Prove that if $ 2^n $ divides $ 3^m-1 $ then $ 2^{n-2} $ divides $ m $

Question

I got a difficult problem. It's kind of difficult to prove. Can you do it?

Let $ m,n\geq 3 $ be two positive integers. Prove that if $ 2^n $ divides $ 3^m -1$ then $ 2^{n-2} $ divides $ m $

Thanks :-)

Answer 1

This statement is a vacuous truth, meaning that the condition $3^m \equiv 0 \mod{2^n}$ is never satisfied.

Answer 2

Because $n \geq 3$ we get $8 \mid 3^m-1$ and so $m$ must be even .

Let $m=2^l \cdot k$ with $k$ odd . Now use the difference of squares repeatedly to get :

$$3^m-1=(3^k-1)(3^k+1)(3^{2k}+1)\cdot \ldots \cdot (3^{2^{k-1} \cdot l}+1)$$

Each term of the form $3^s+1$ with $s$ even has the power of $2$ in their prime factorization exactly $1$ because: $$3^s+1 \equiv 1+1\equiv 2 \pmod{8}$$

Also $k$ is odd so :

$$3^k+1 \equiv 3+1 \equiv 4 \pmod{8}$$ has two factors of $2$ .

Finally the term $3^k-1 \equiv 3-1 \equiv 2 \pmod{8}$ has one factor of $2$ .

This means that $3^m-1$ has $1+2+l-1=l+2$ two's in his prime factorization .

But $2^n \mid 3^m-1$ so $n \leq l+2$ and then $l \geq n-2$ .

This means that $2^{n-2} \mid m$ as wanted .

Answer 3

We show by induction that for any $m$ of the form $2^n q$ where $q$ is odd and $n\ge 0$, the highest power of $2$ that divides $3^{m}-1$ is $2^{n+1}$.

For the base step $n=0$, consider $3^{q}-1$. Since $3^q\equiv 3\pmod{4}$, it follows that $3^q-1$ is of the form $4t+2$, so the highest power of $2$ that divides it is $2^1$.

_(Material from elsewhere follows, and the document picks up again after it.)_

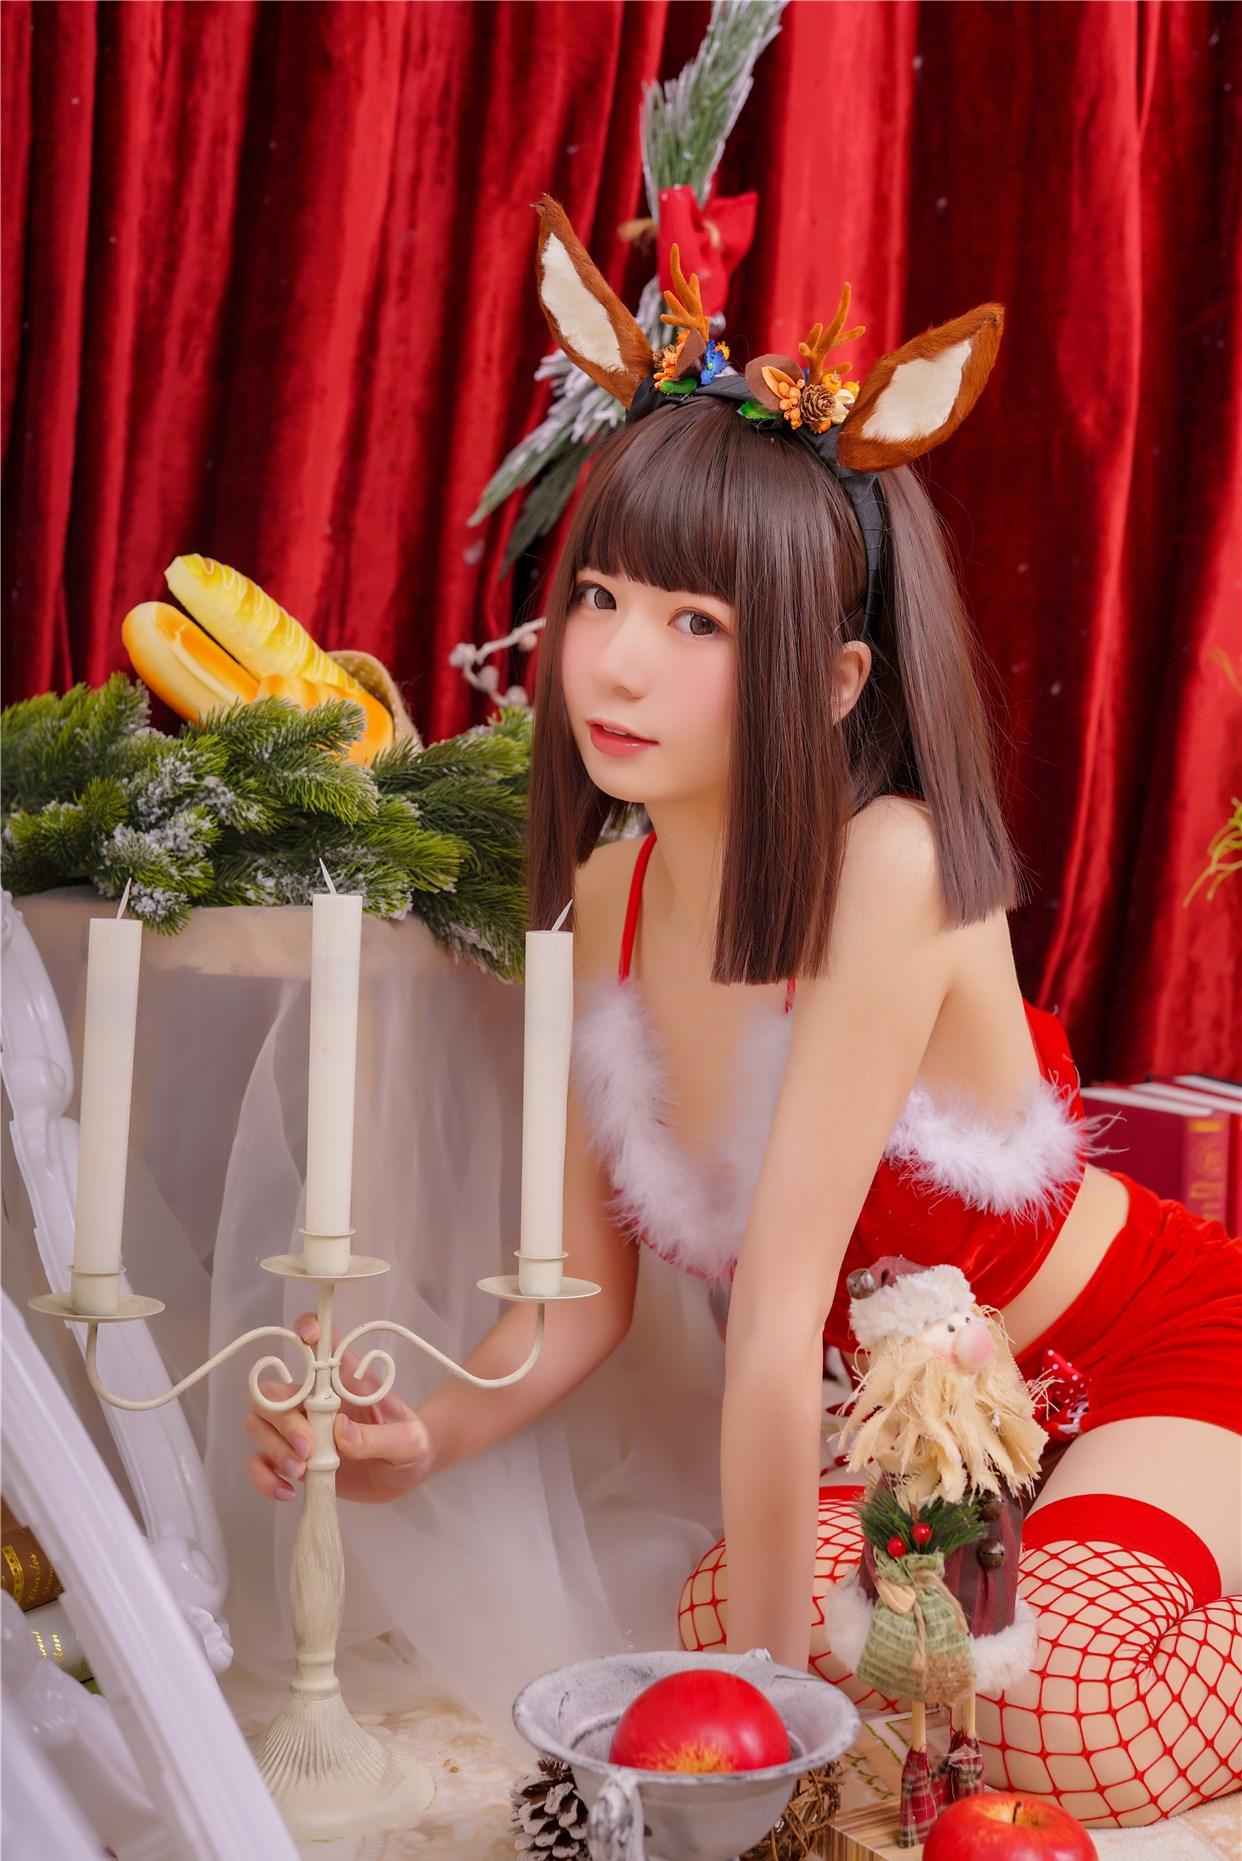 【兔玩映画】甜甜的小麋鹿 兔玩映画 第25张
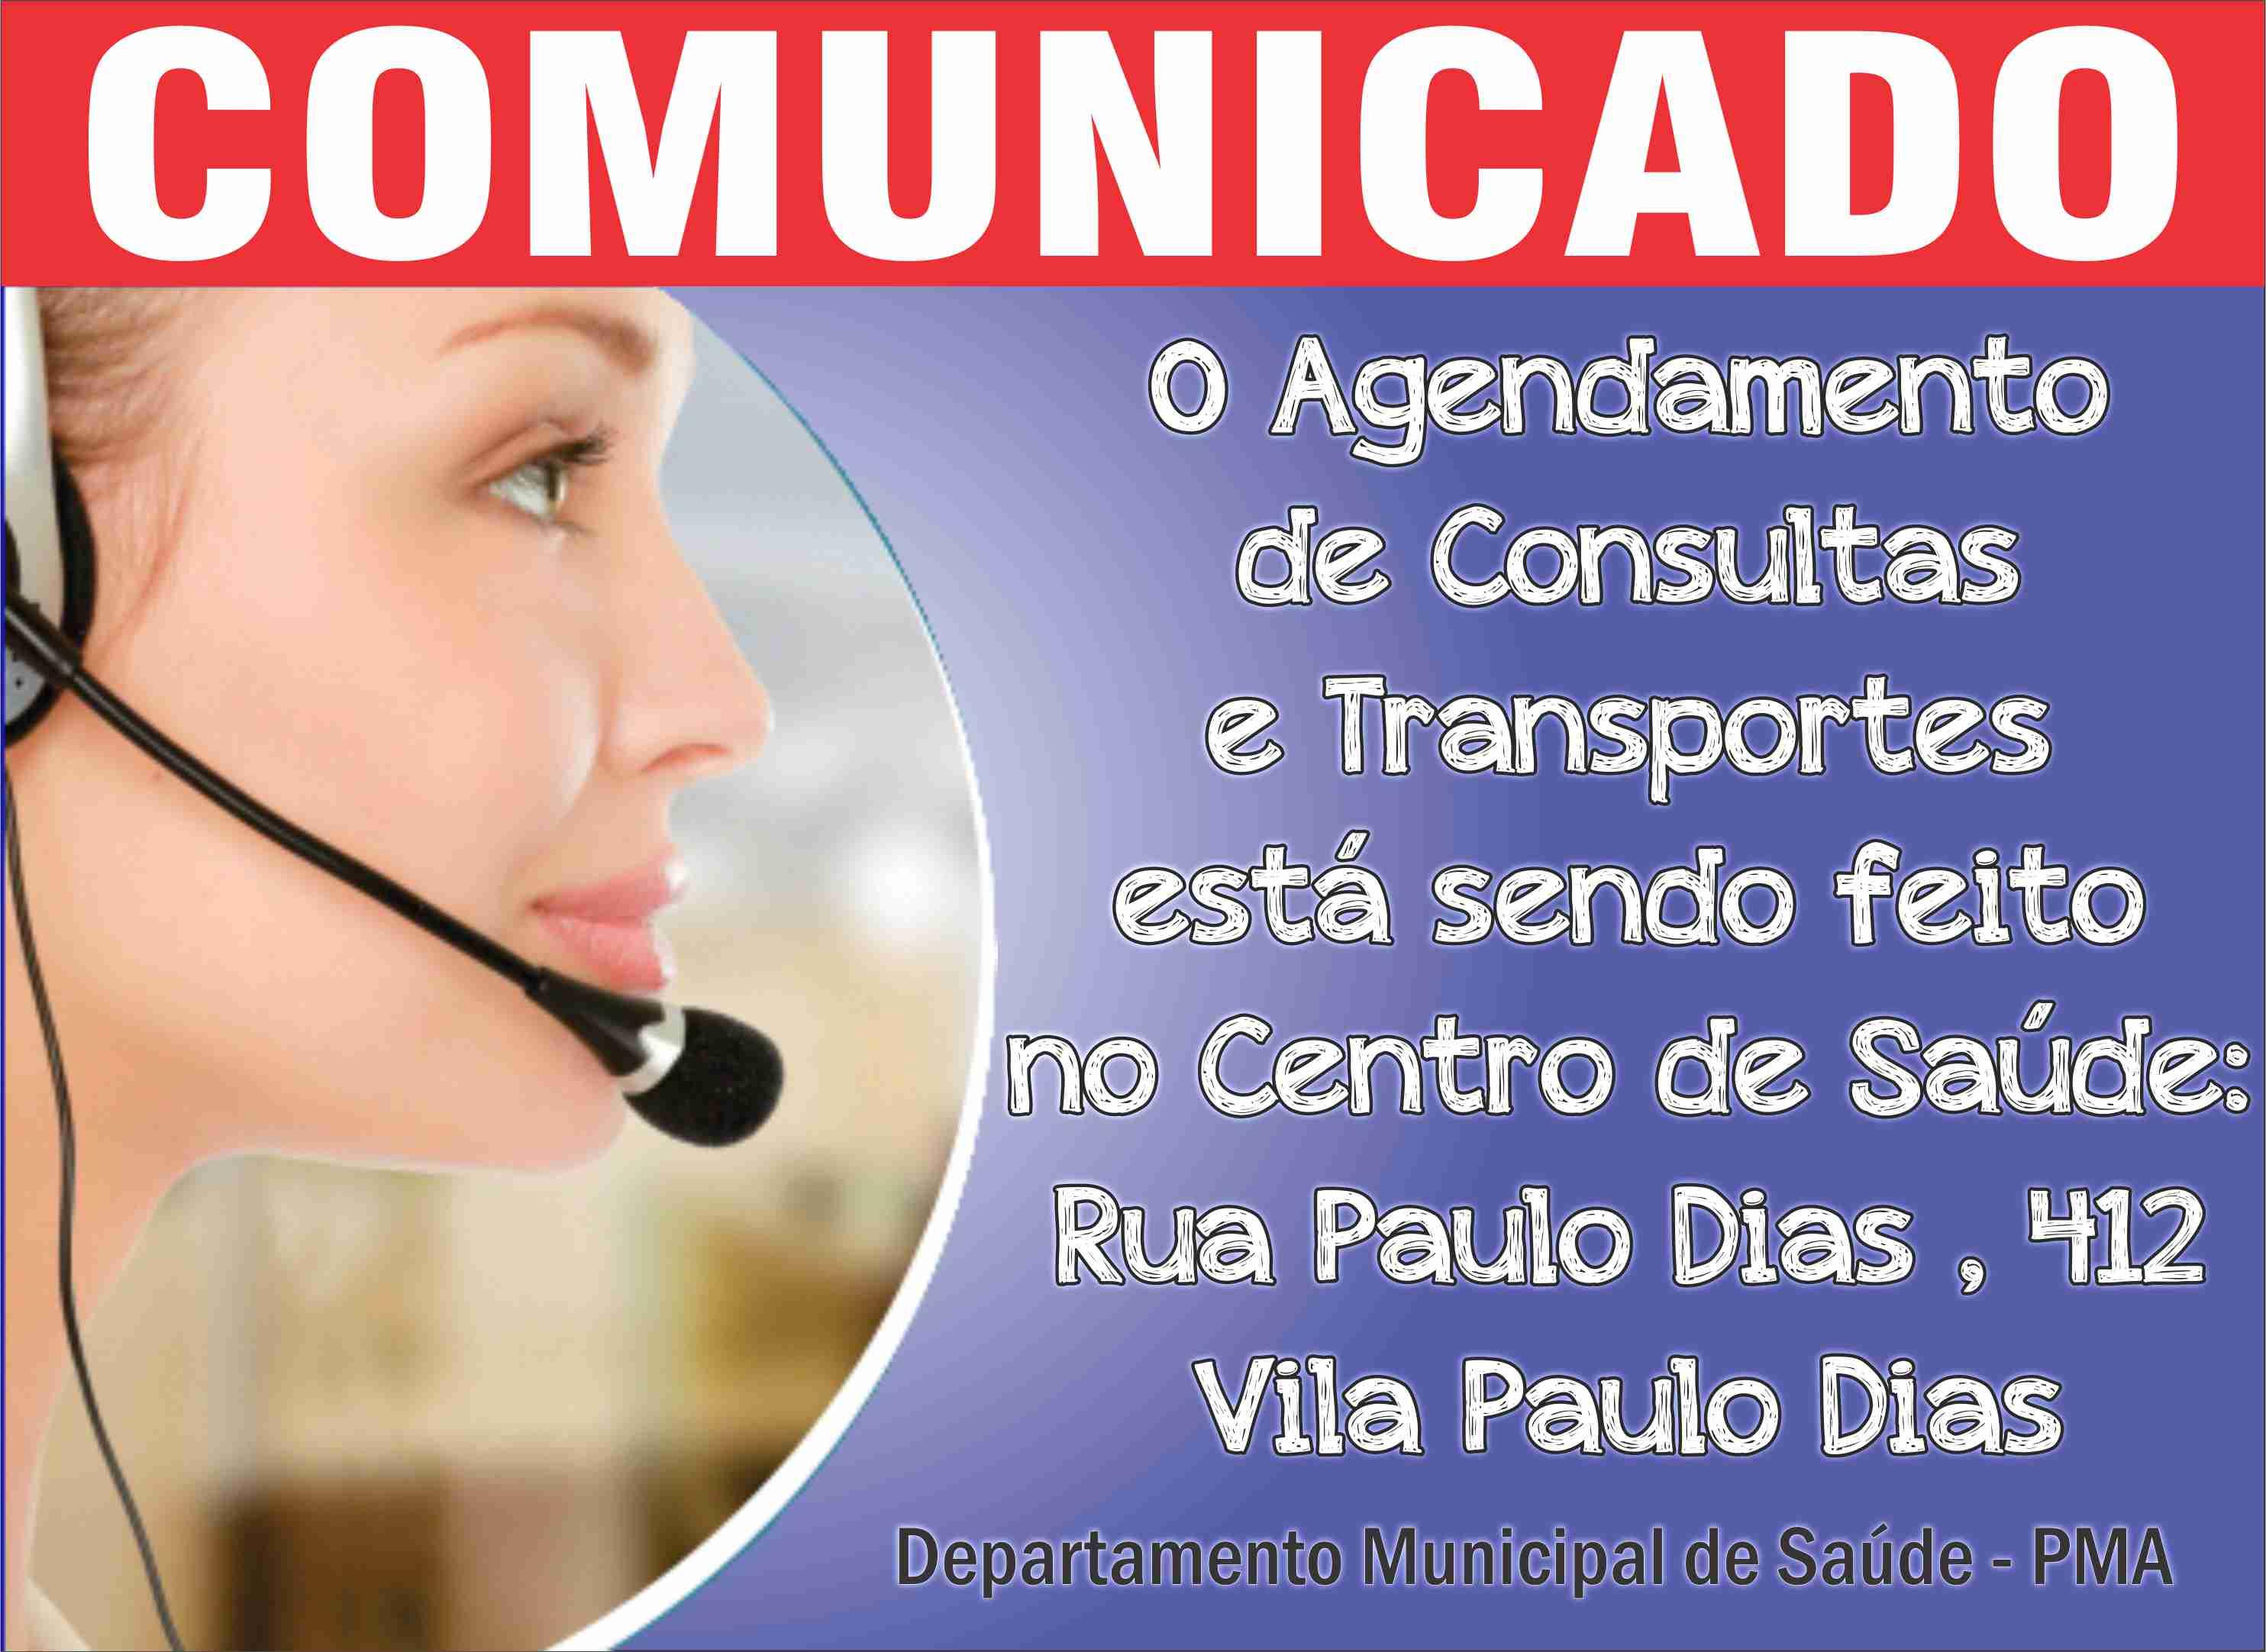 comunicado agendamento

Now we do the induction step. Suppose that the result is true for $n=k$. We show the result is true for $n=k+1$.

Consider $3^{2^{k+1}q}-1$, where $q$ is odd. This is equal to $$(3^{2^k q}-1)(3^{2^k q}+1).$$ By the induction hypothesis the highest power of $2$ that divides $3^{2^k q}-1$ is $2^{k+1}$. It is clear that the highest power of $2$ that divides $3^{2^k q}+1$ is $2^1$. So the highest power of $2$ that divides $3^{2^{k+1}q}-1$ is $2^{k+2}$. This completes the induction step.